**REQUIRED WORK:**
The lines to be extracted begin at the line containing "Adidas Unisex-Child Goletto" and end at the last line of the data below; copy them exactly and leave out the pictures.

**DATASET CONTENT:**
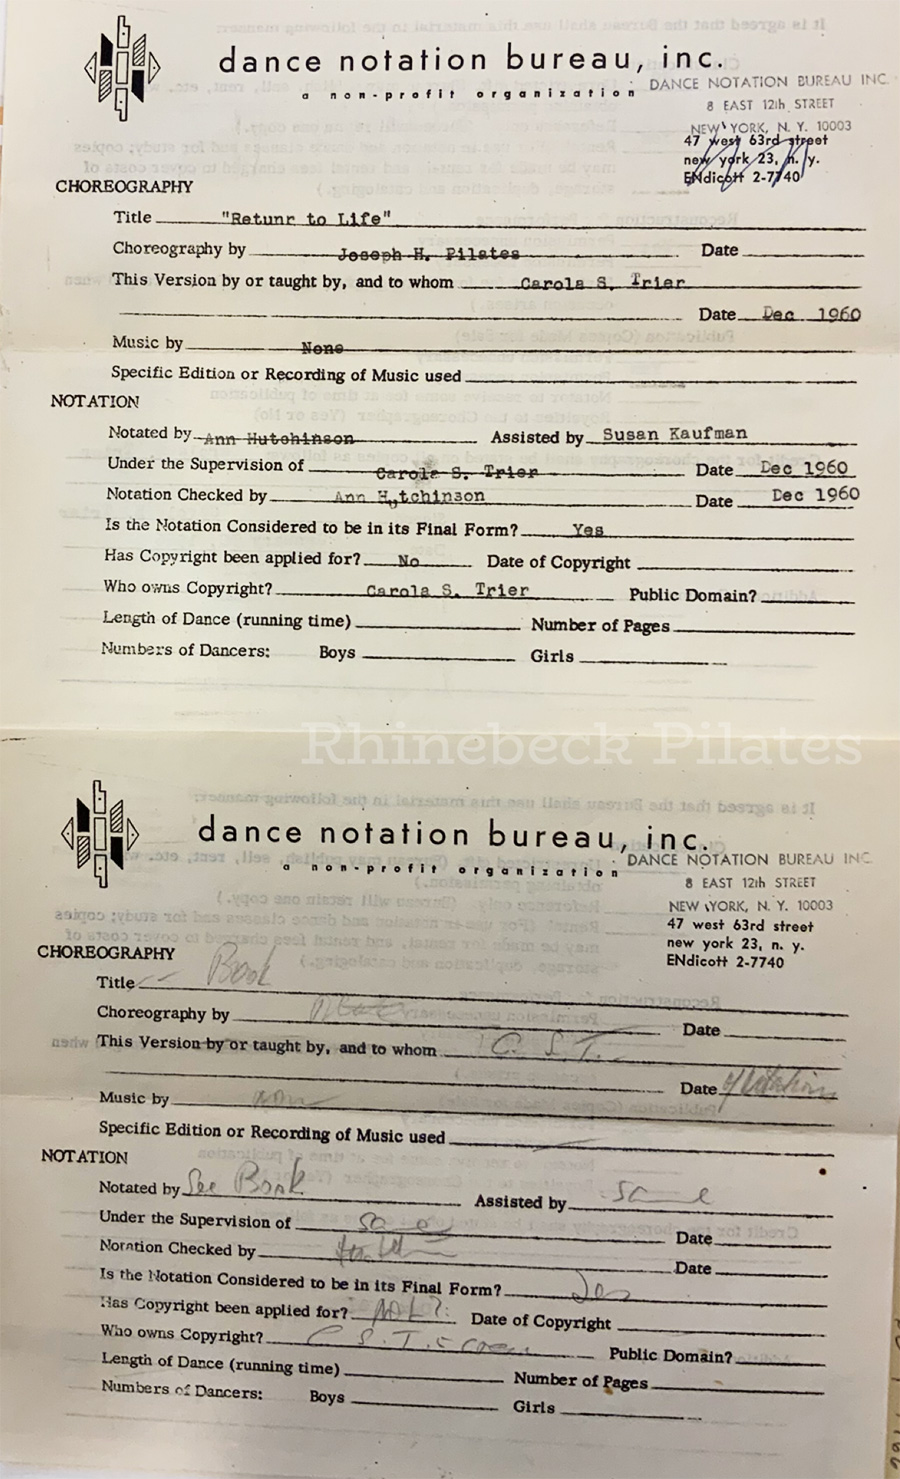 pilates-labanotation-Carola-Trier-Dance-Notation-Bureau-contract
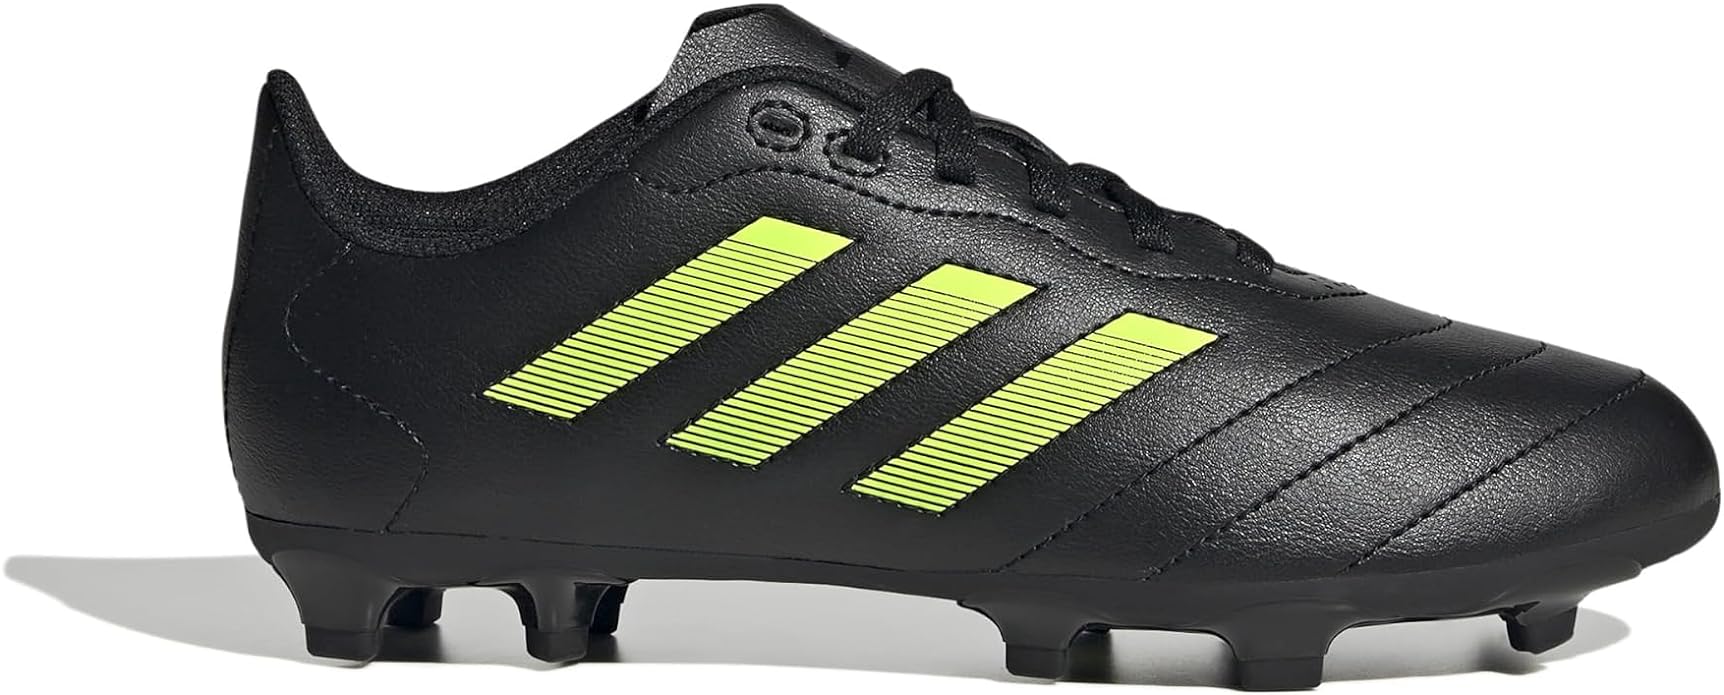 Adidas Unisex-Child Goletto VIII Firm Ground Soccer Shoe
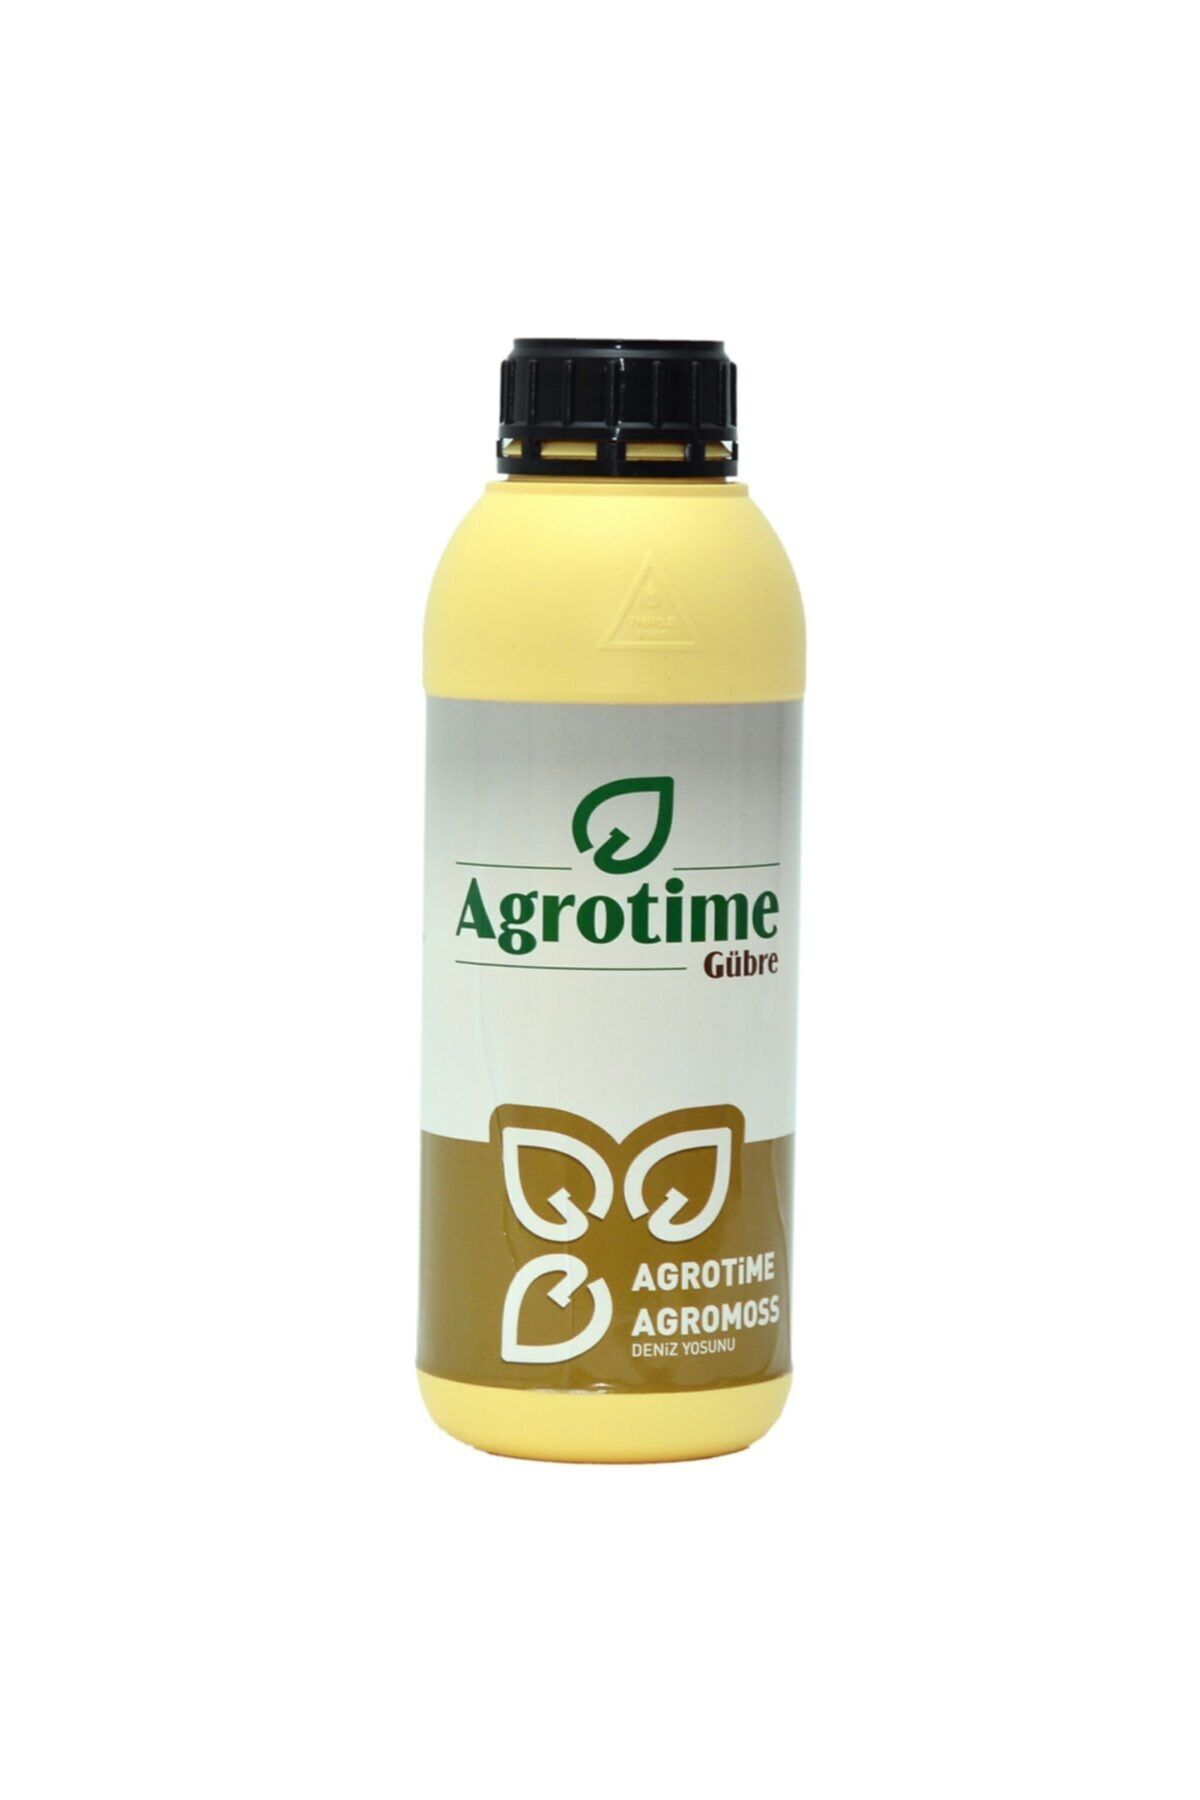 Agrotime Agrotıme- Agromoss Deniz Yosunu Katkılı Sıvı Gübre 1 Lt

**WRITTEN REPLY:**
 Adidas Unisex-Child Goletto VIII Firm Ground Soccer Shoe
 Agrotime Agrotıme- Agromoss Deniz Yosunu Katkılı Sıvı Gübre 1 Lt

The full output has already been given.